WHAT THE TASK ASKS: Each record should be given again exactly as it appears, with no image included.

Stored items:
+---+
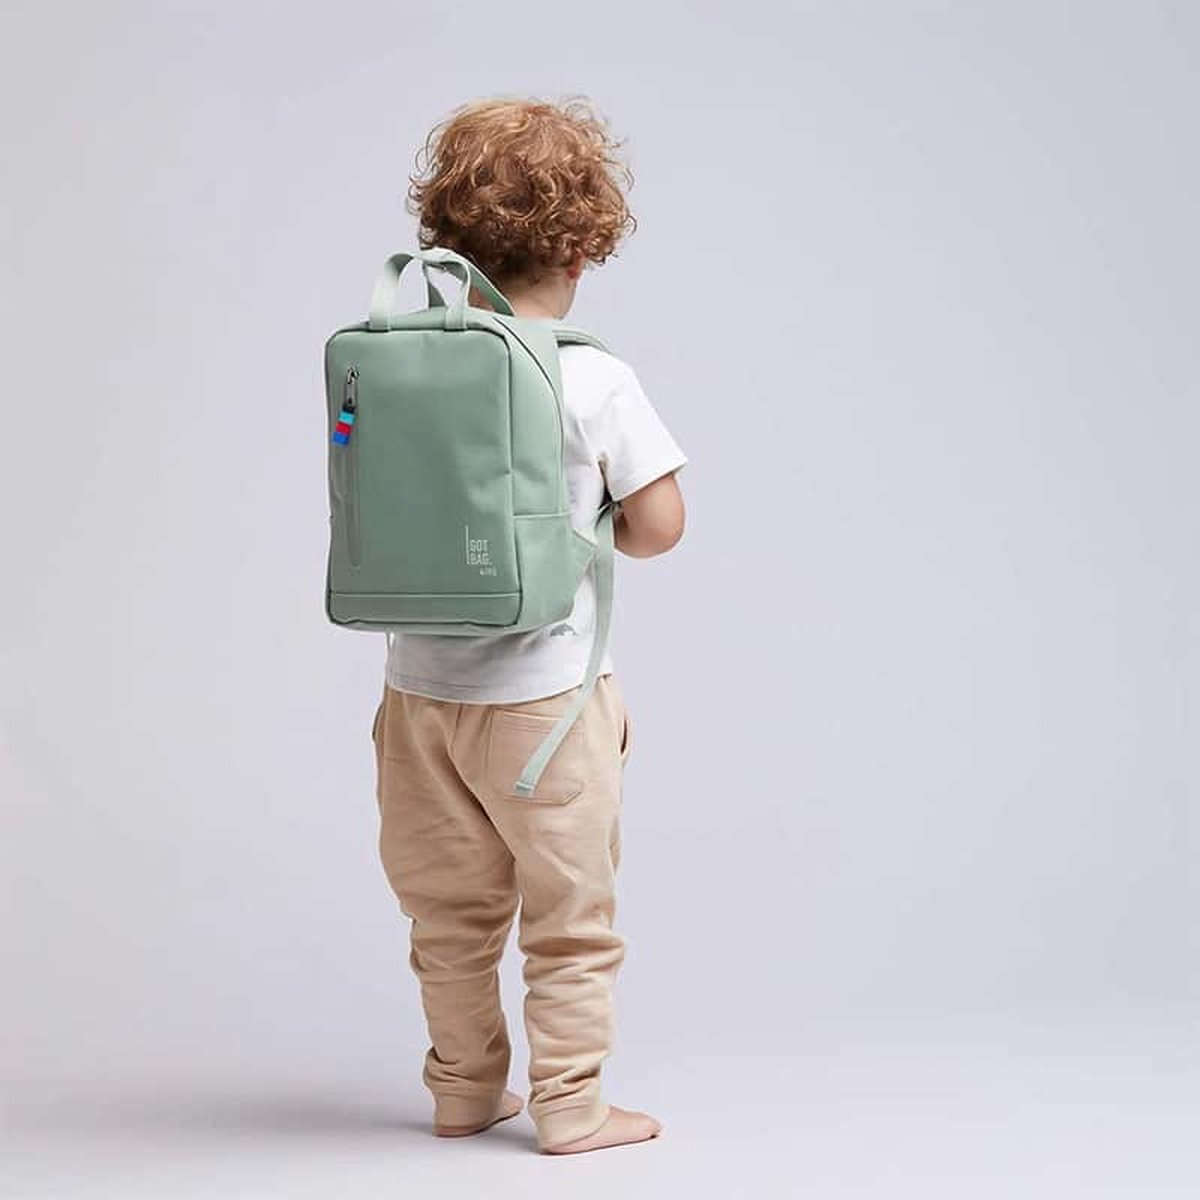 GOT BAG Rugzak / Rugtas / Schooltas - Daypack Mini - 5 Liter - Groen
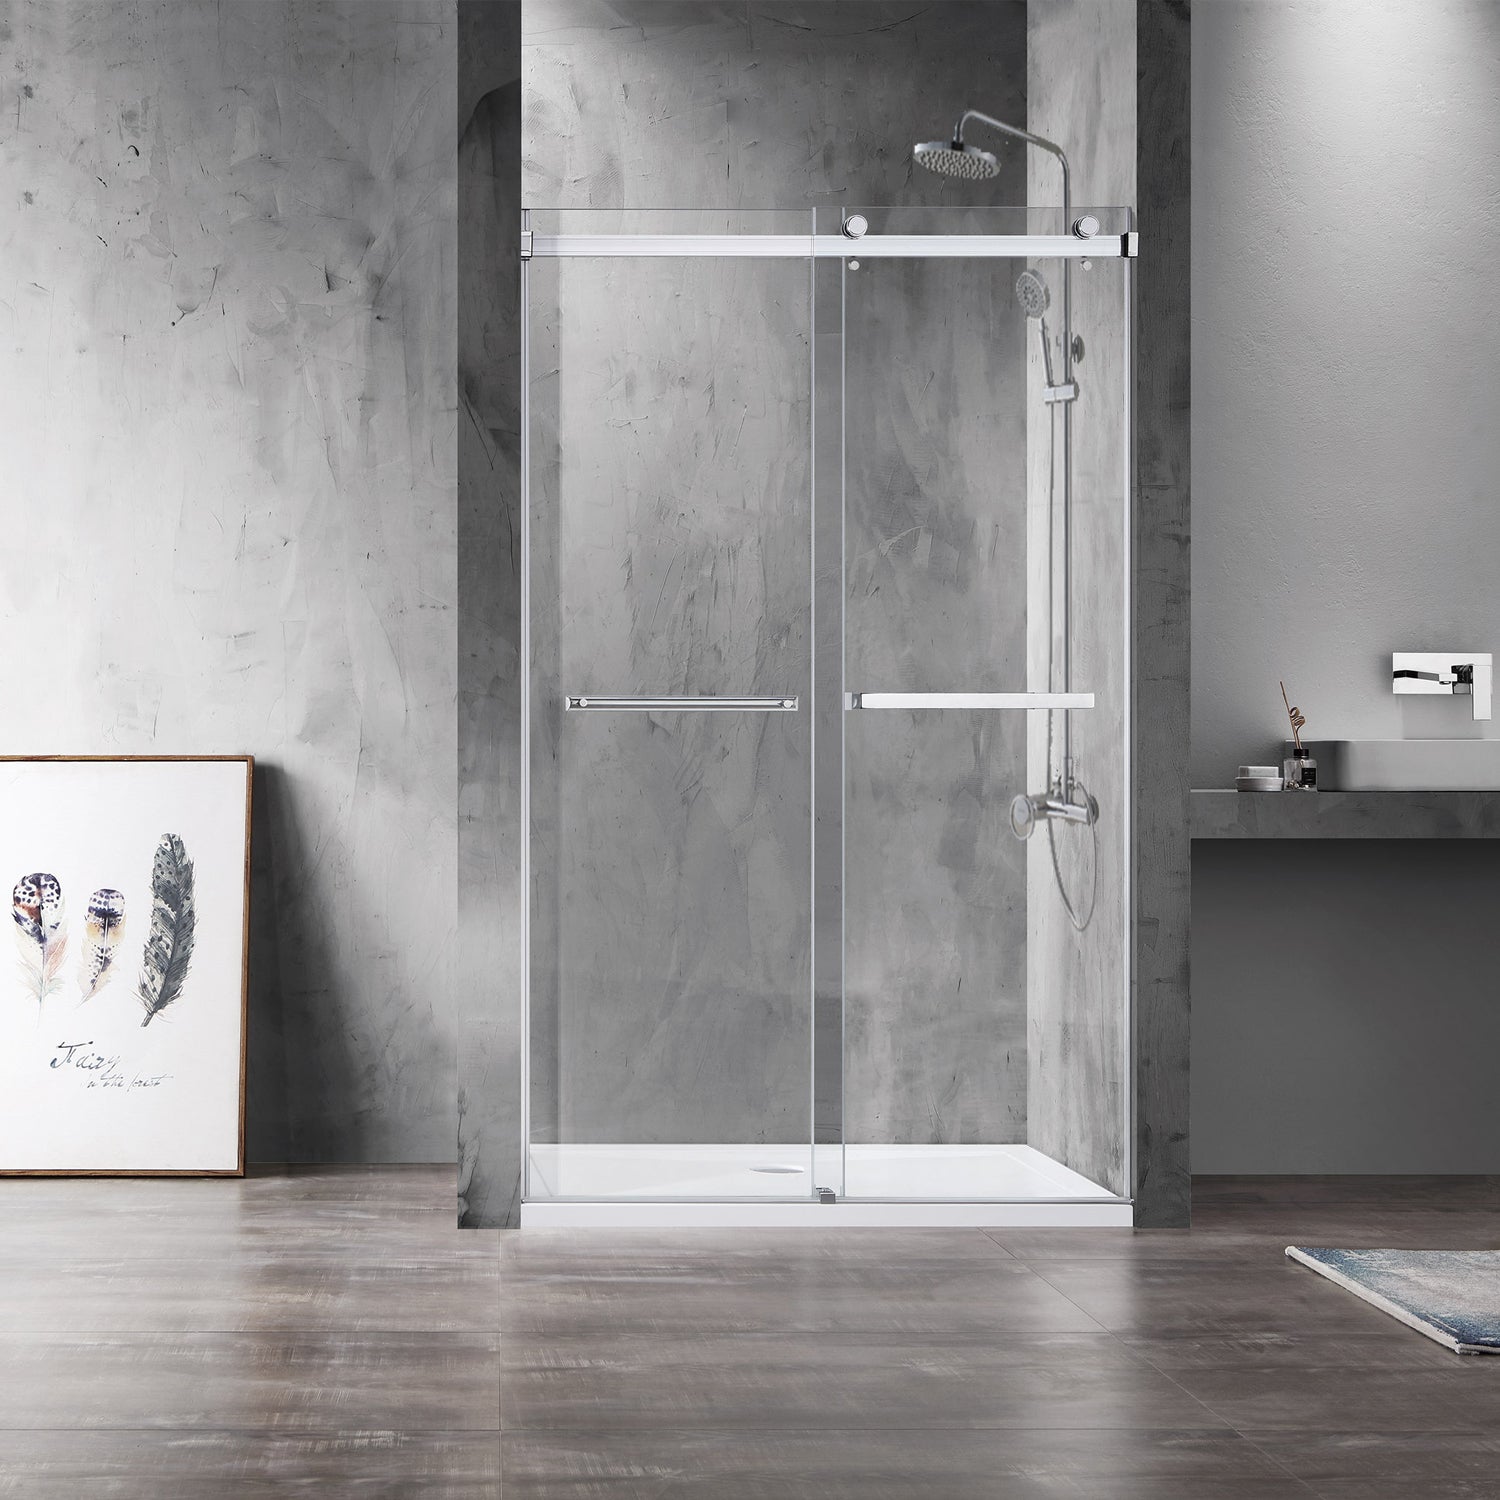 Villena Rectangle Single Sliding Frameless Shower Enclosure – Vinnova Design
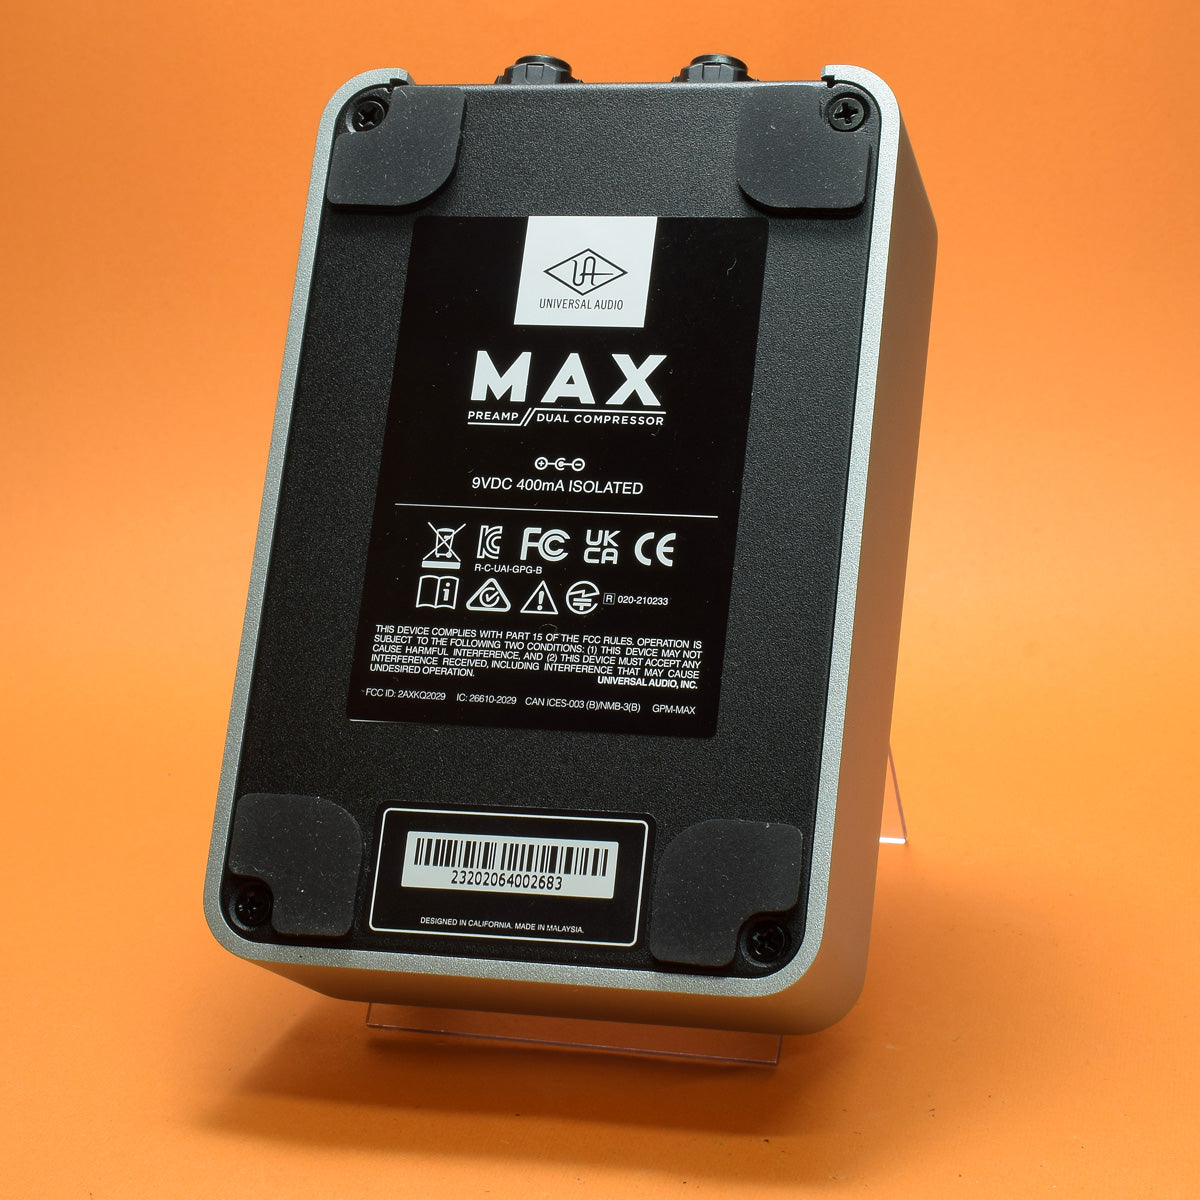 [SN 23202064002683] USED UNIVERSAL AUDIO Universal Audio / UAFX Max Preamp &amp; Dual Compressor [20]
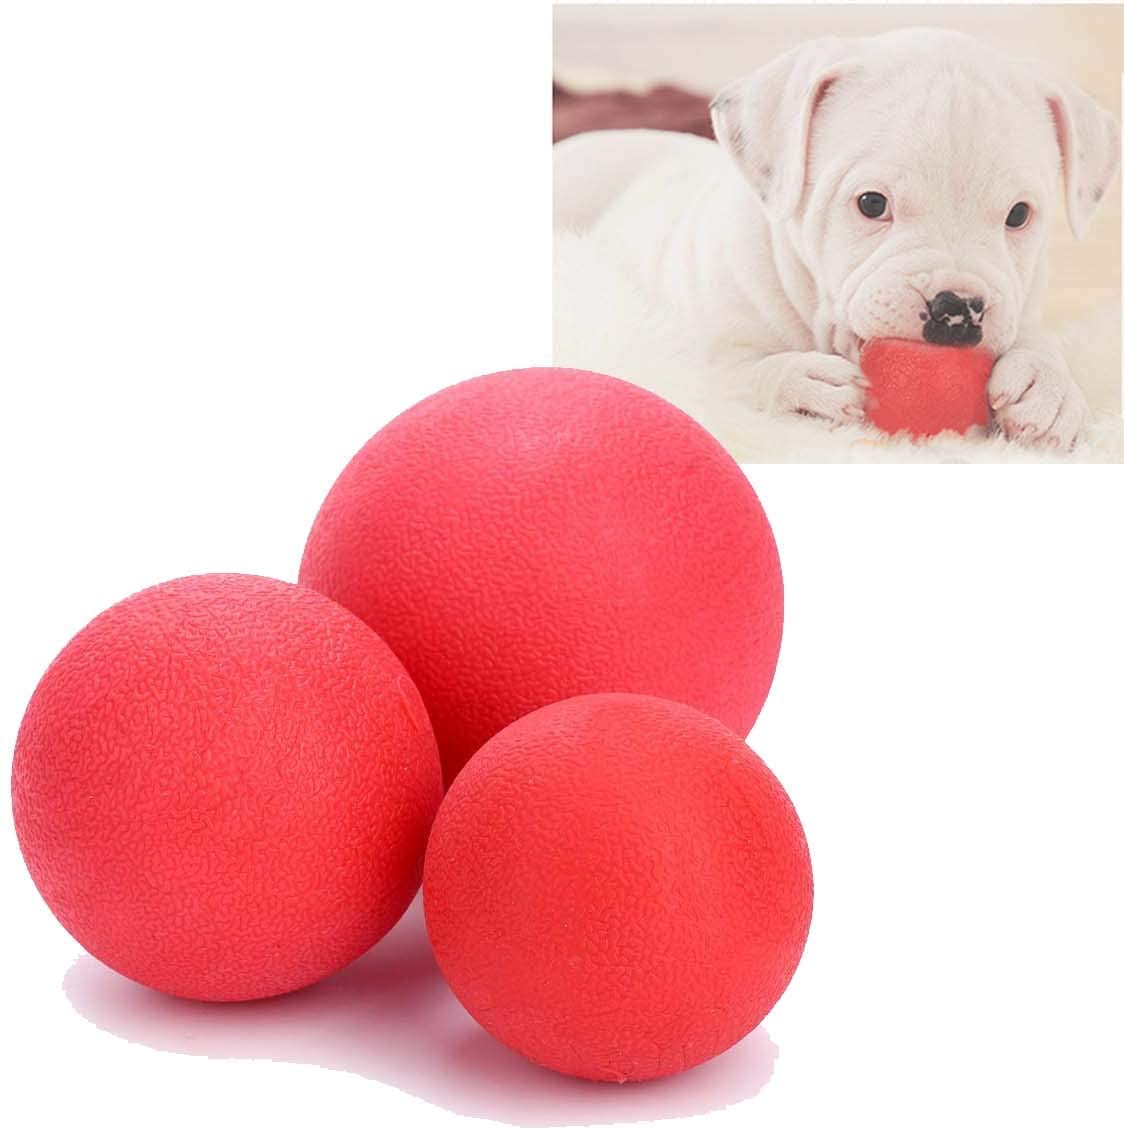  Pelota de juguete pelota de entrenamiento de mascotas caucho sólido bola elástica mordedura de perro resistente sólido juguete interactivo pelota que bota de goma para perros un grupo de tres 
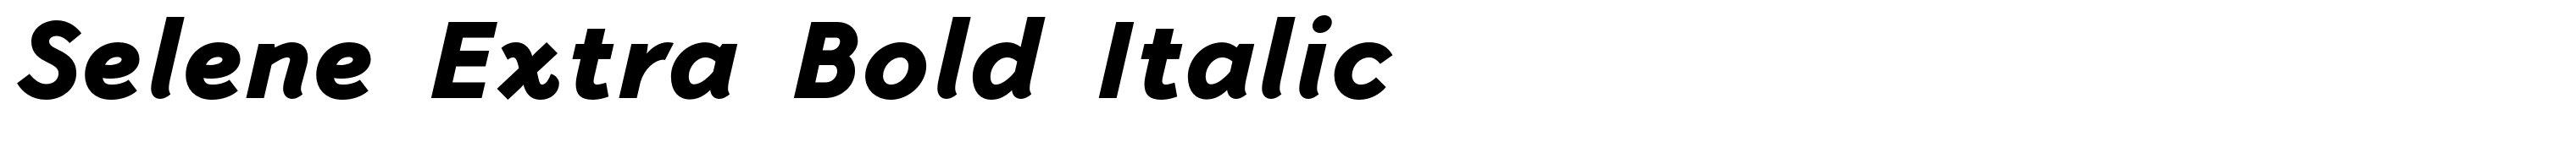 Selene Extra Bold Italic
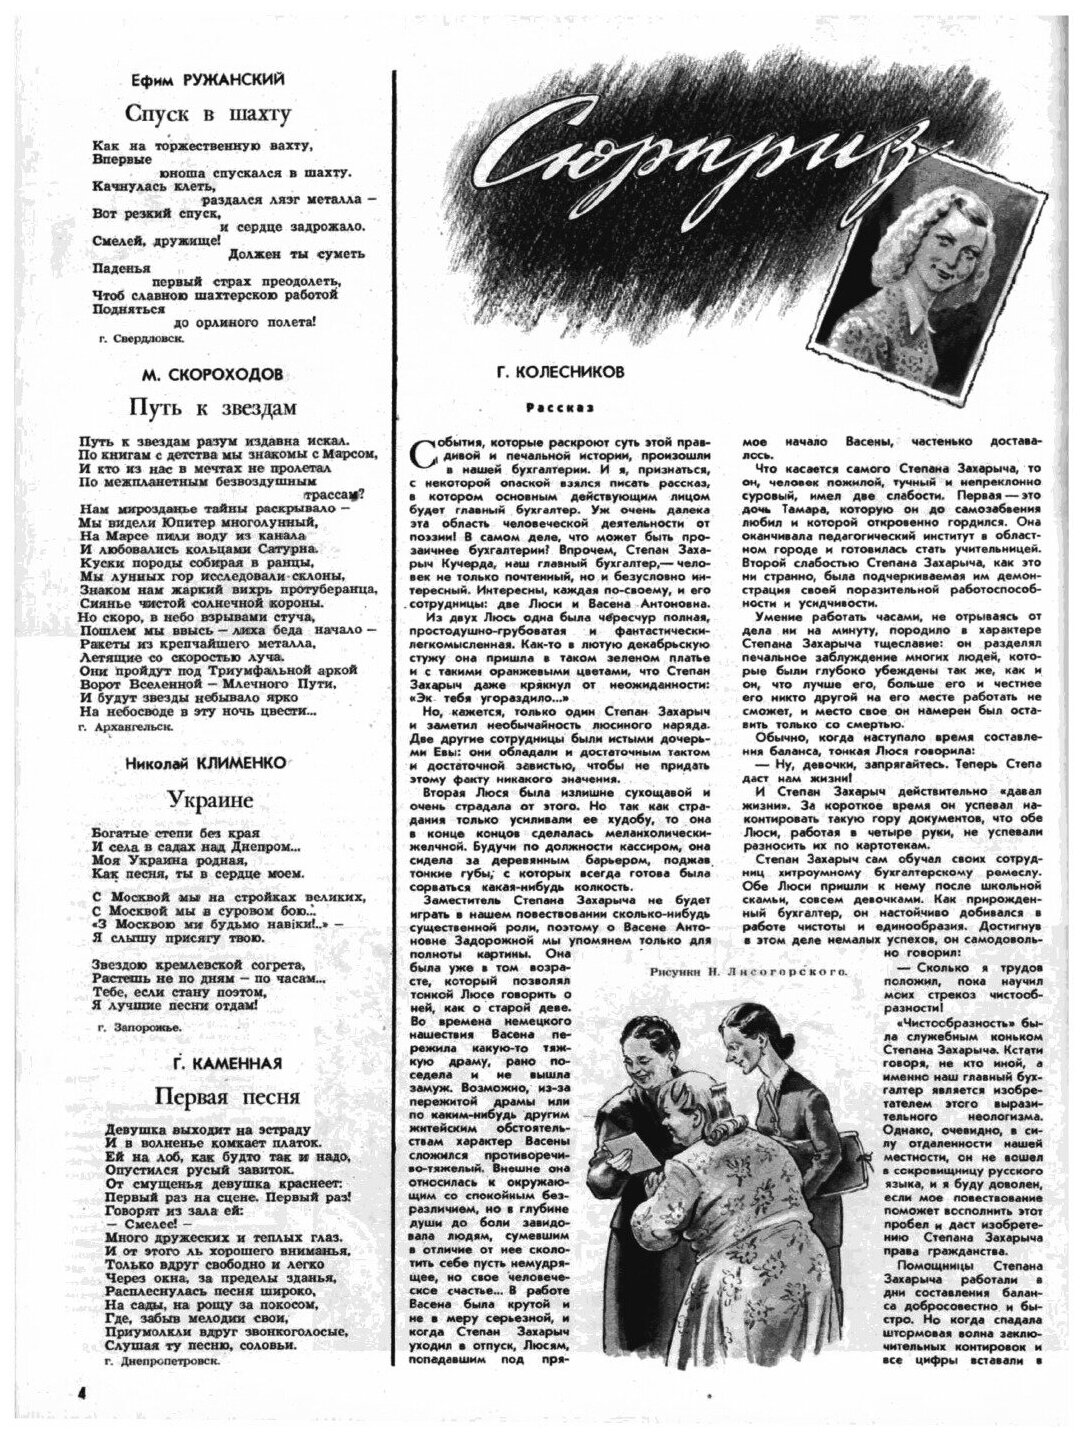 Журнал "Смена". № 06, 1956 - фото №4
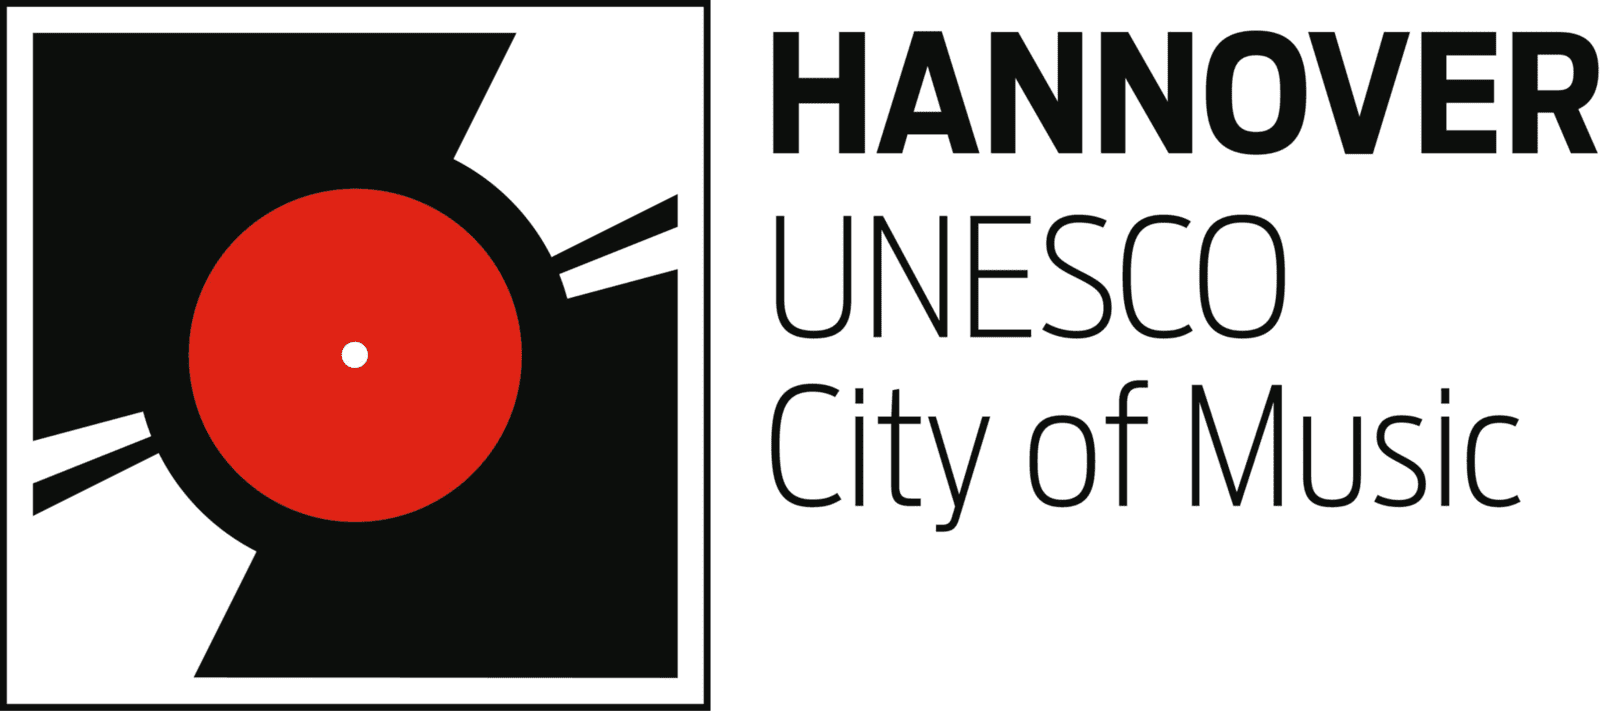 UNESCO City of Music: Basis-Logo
+---+
RESULT:
 GOT BAG Rugzak / Rugtas / Schooltas - Daypack Mini - 5 Liter - Groen
 Villena Rectangle Single Sliding Frameless Shower Enclosure – Vinnova Design
 [SN 23202064002683] USED UNIVERSAL AUDIO Universal Audio / UAFX Max Preamp &amp; Dual Compressor [20]
  Pelota de juguete pelota de entrenamiento de mascotas caucho sólido bola elástica mordedura de perro resistente sólido juguete interactivo pelota que bota de goma para perros un grupo de tres 
 Selene Extra Bold Italic
 Журнал "Смена". № 06, 1956 - фото №4
 UNESCO City of Music: Basis-Logo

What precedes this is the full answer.